Insurance law expert Nick Bradley of Pinsent Masons, the law firm behind Out-Law.com, said only a small proportion of homes in the US have insurance covering flood damage, and suggested there was scope for the insurance industry to innovate more to offer products protecting communities from such catastrophes.

“Hurricane Harvey has caused extensive damage to property, both residential and commercial, across several of the southern states in the US, including severe disruption and loss in its fourth largest city, Houston. Yet, despite predicted economic loss in the range of $30 billion to $90bn, insured losses are forecast to be only in the range of $6bn to $10bn,” said Bradley. 

Analysis carried out by the University of Wisconsin's Space Science and Engineering Center and reported by the Washington Post suggested that Harvey was a one-in-1,000 year event which has no precedent in modern observations.

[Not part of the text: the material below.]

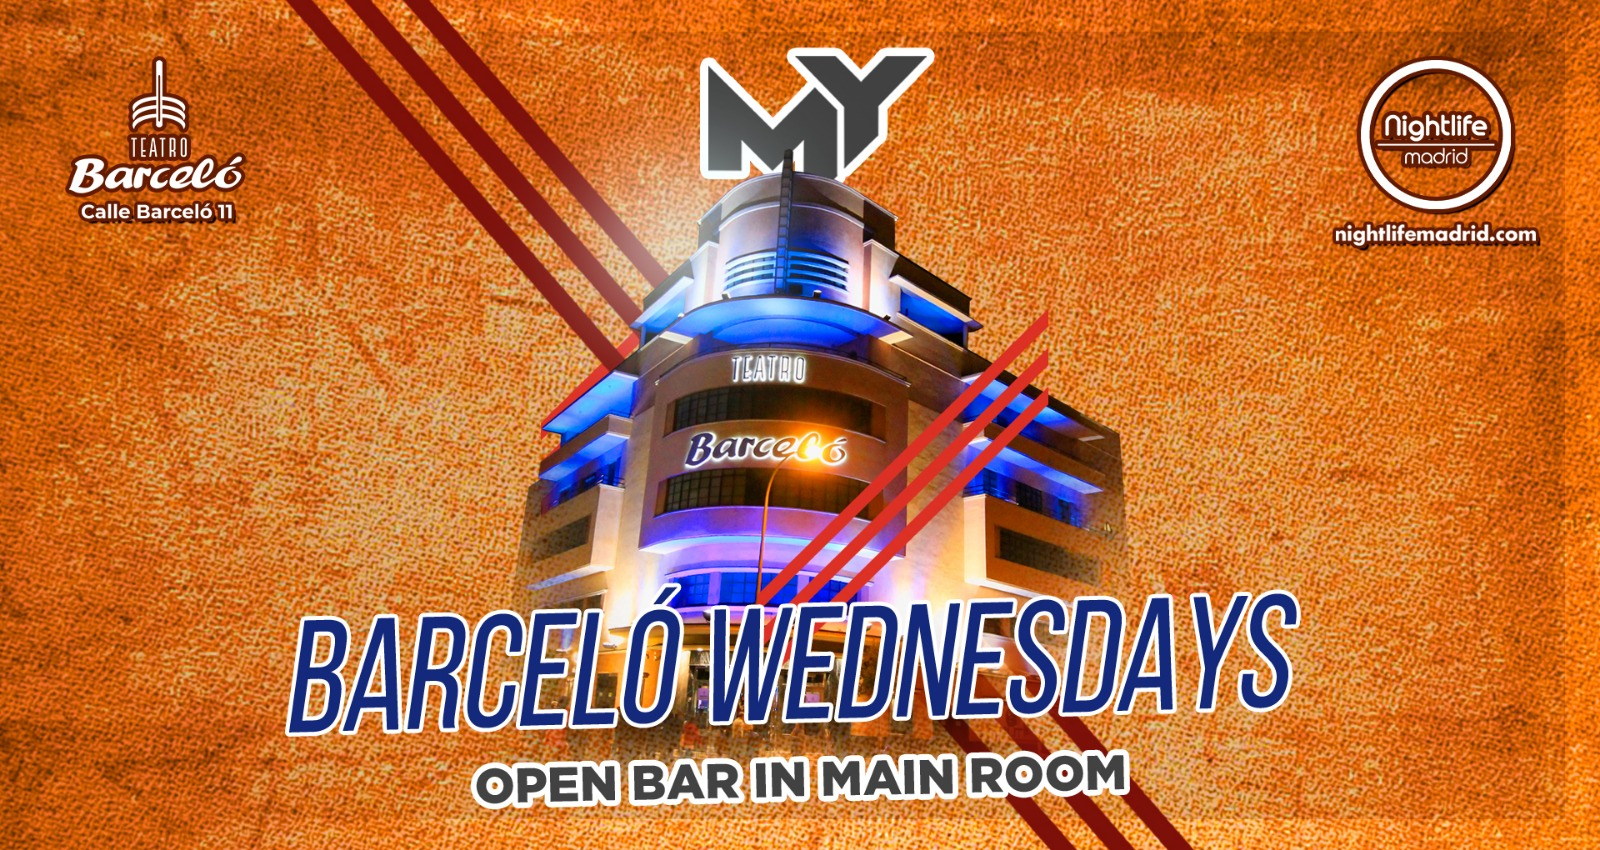 Barceló Wednesdays - Virtual Nightlife Madrid

According to the analysis, 3,643 square miles of Texas was covered by more than 40 inches of rain and 28,949 square miles were covered by 20 inches of rain during the last week of August. The storm destroyed 7,000 homes and damaged another 87,000, and 50 people died.

Ratings agency Fitch last week said Harvey was unlikely to trigger ratings downgrades of individual property and casualty insurers or reinsurers. Fitch said this was because indications remained that Harvey would be an earnings and not capital event for the industry.

The agency said it believed a large proportion of economic losses would be uninsured or covered by the US government's National Flood Insurance Program (NFIP), as losses are likely to be more heavily flood-related than wind-related. The NFIP currently has $23bn of debt owed to the US Treasury with a total borrowing capacity of $30.4bn, which could be reached with losses related to Harvey, according to Fitch.

Fitch added that because there were 25 reinsurers providing flood reinsurance protection to the NFIP the individual loss sustained by each should be “manageable”.

Bradley agreed with Fitch's analysis.

“One of the reasons for the large gap is because much of the loss is flood damage to residential property not covered by insurance. Some of it will be covered by the NFIP, some of which is reinsured in the international reinsurance markets, but not everyone has that protection,” Bradley said.

“On the flip side, although this is a catastrophe, insurance and reinsurance markets will take this loss in their stride. It is not seen as a market-moving event, because of the amount of capital in the markets. No doubt there will be disputes as to coverage, around issues such as causation, wind versus flood damage, aggregation, but unless Irma or other hurricanes follow up with more severe damage to the same areas, rates are unlikely to move,” Bradley said.

“It indicates that there may be scope for a wider role for insurance markets, even in the most developed economy,” Bradley said, pointing to the amount of spare market capacity available.